General Motors has increased its financial projections for 2024 after significantly exceeding analysts’ expectations in its second-quarter report. The Detroit-based automaker has revised its anticipated adjusted earnings for the year to a range of $13 billion to $15 billion, an improvement from a previously expected range of $12.5 billion to $14.5 billion. Additionally, GM raised its targets for operating cash flow and earnings per share. While net income attributable to shareholders saw a slight downgrade of less than 1%, it is still projected to fall between $10 billion and $11.4 billion.
In the second quarter, GM’s revenue reached $47.9 billion, representing a more than 7% increase compared to last year, and surpassing Wall Street’s estimate of $45 billion. The company’s earnings per share stood at $3.06, exceeding the predicted $2.71, and marking a 60% rise from 2023. Net income rose by 14% to $2.9 billion, up from the previous $2.5 billion.
Following these strong results, GM’s stock rose nearly 5% in pre-market trading on Tuesday, reflecting a 37% increase over the course of the year. The company also declared a cash dividend for the third quarter, further boosting investor confidence.
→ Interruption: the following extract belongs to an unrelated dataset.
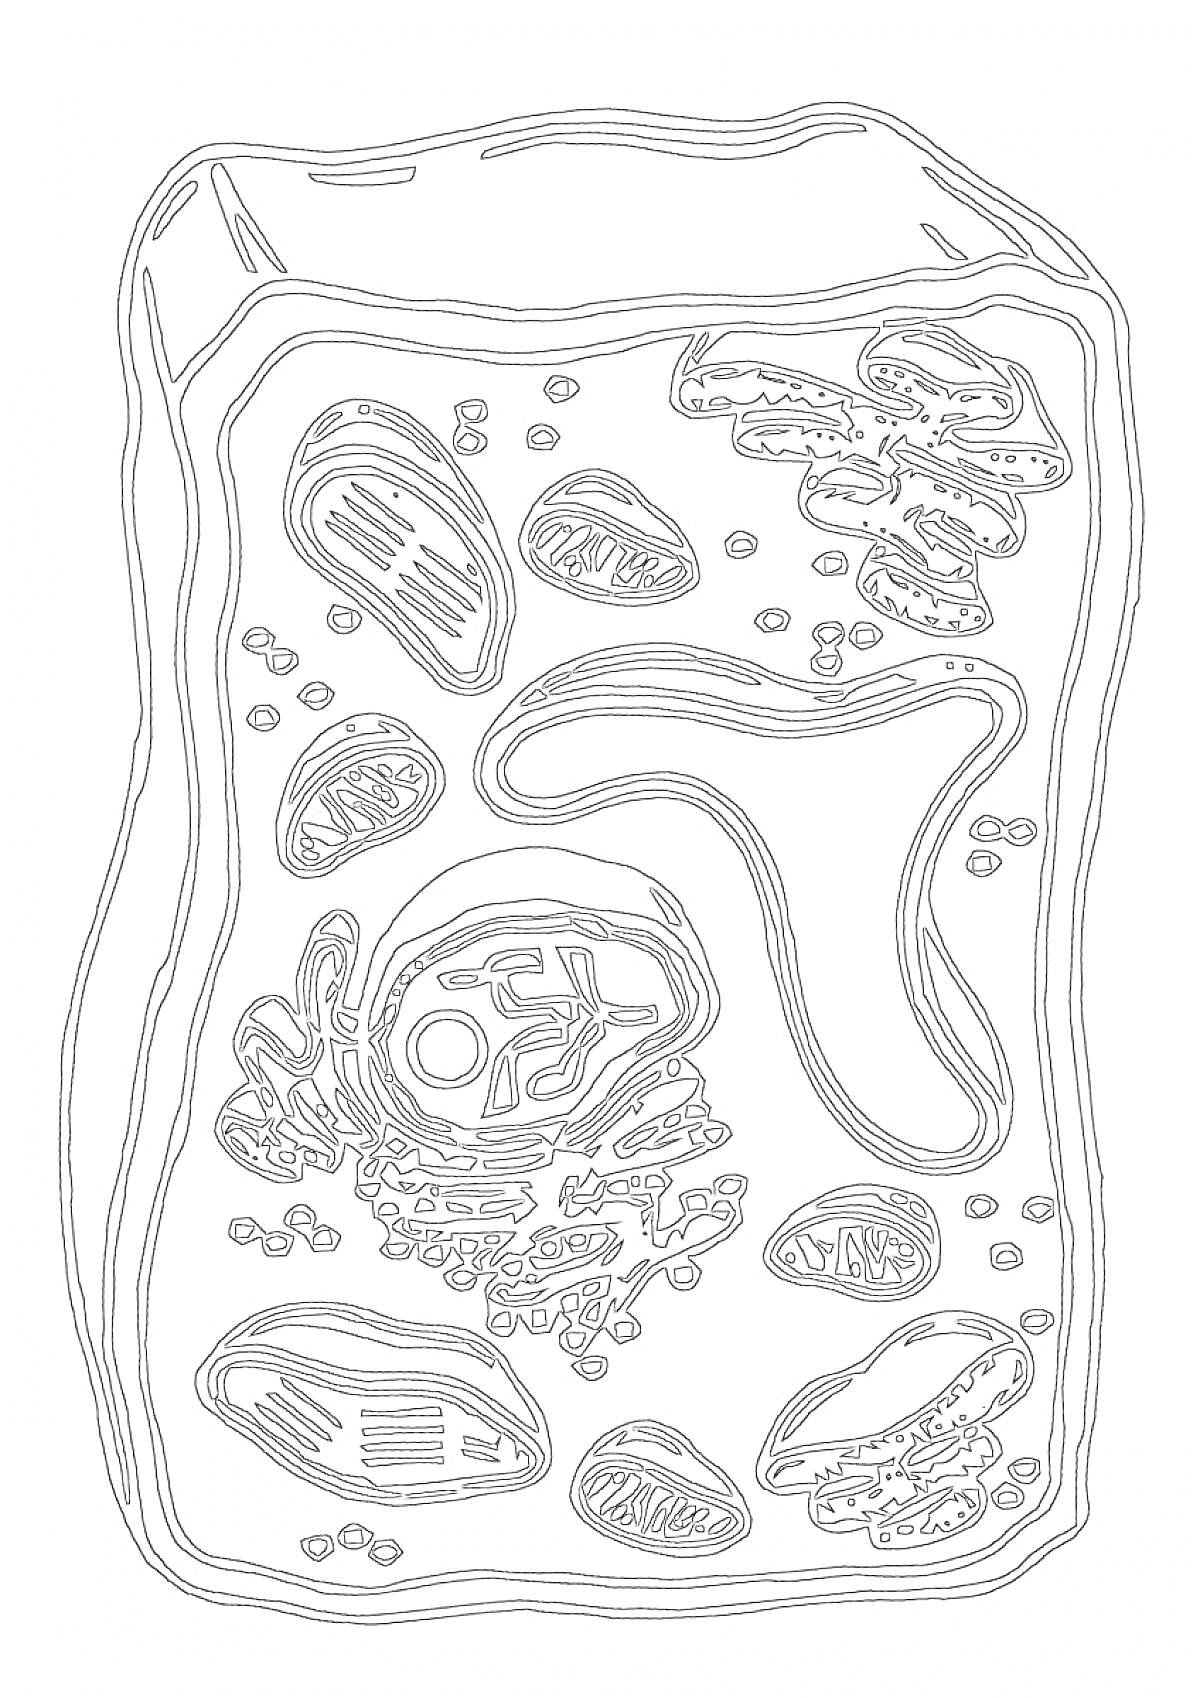 Раскраска Строение растительной клетки с органеллами (вакуоль, хлоропласты, ядро, митохондрии и другие)

CEO Mary Barra highlighted the successful performance of the company’s gas-powered trucks and SUVs in a letter to shareholders. She mentioned that GM is preparing to launch eight new or redesigned vehicle models in North America while also ramping up production of the electric Chevrolet Equinox. Barra expressed enthusiasm about their electric vehicles but emphasized a commitment to disciplined growth.
Earlier this month, Barra noted that GM will not meet its target of producing 1 million electric vehicles in North America by the end of 2025 due to a slowing market. However, she stated that the company would continue to be flexible and responsive to demand, although electric vehicle sales did see growth in the recent quarter.
Additionally, Barra announced that Cruise, GM’s autonomous driving division, would discontinue its Origin vehicle and instead concentrate on testing the next-generation Chevrolet Bolt in Texas and Arizona. This decision aims to address regulatory concerns regarding the unique design of the Origin and will help reduce production costs.
Looking forward, GM is also working to restructure its venture in China with SAIC Motor, facing challenges as the company reported a $104 million loss in the second quarter. The partnership has seen a significant drop in vehicle production, with a 70% reduction that led to a delivery of only 26,000 vehicles, half of what was delivered a year earlier.
Overall, while GM navigates some obstacles, the company is showing strong financial performance and is committed to its vision of transforming mobility through innovative technologies, which could positively reshape its future in the automotive industry.
In summary, GM’s financial success in the second quarter, coupled with a strategic focus on both gas-powered and electric vehicles, positions the company well for growth despite some challenges in the market.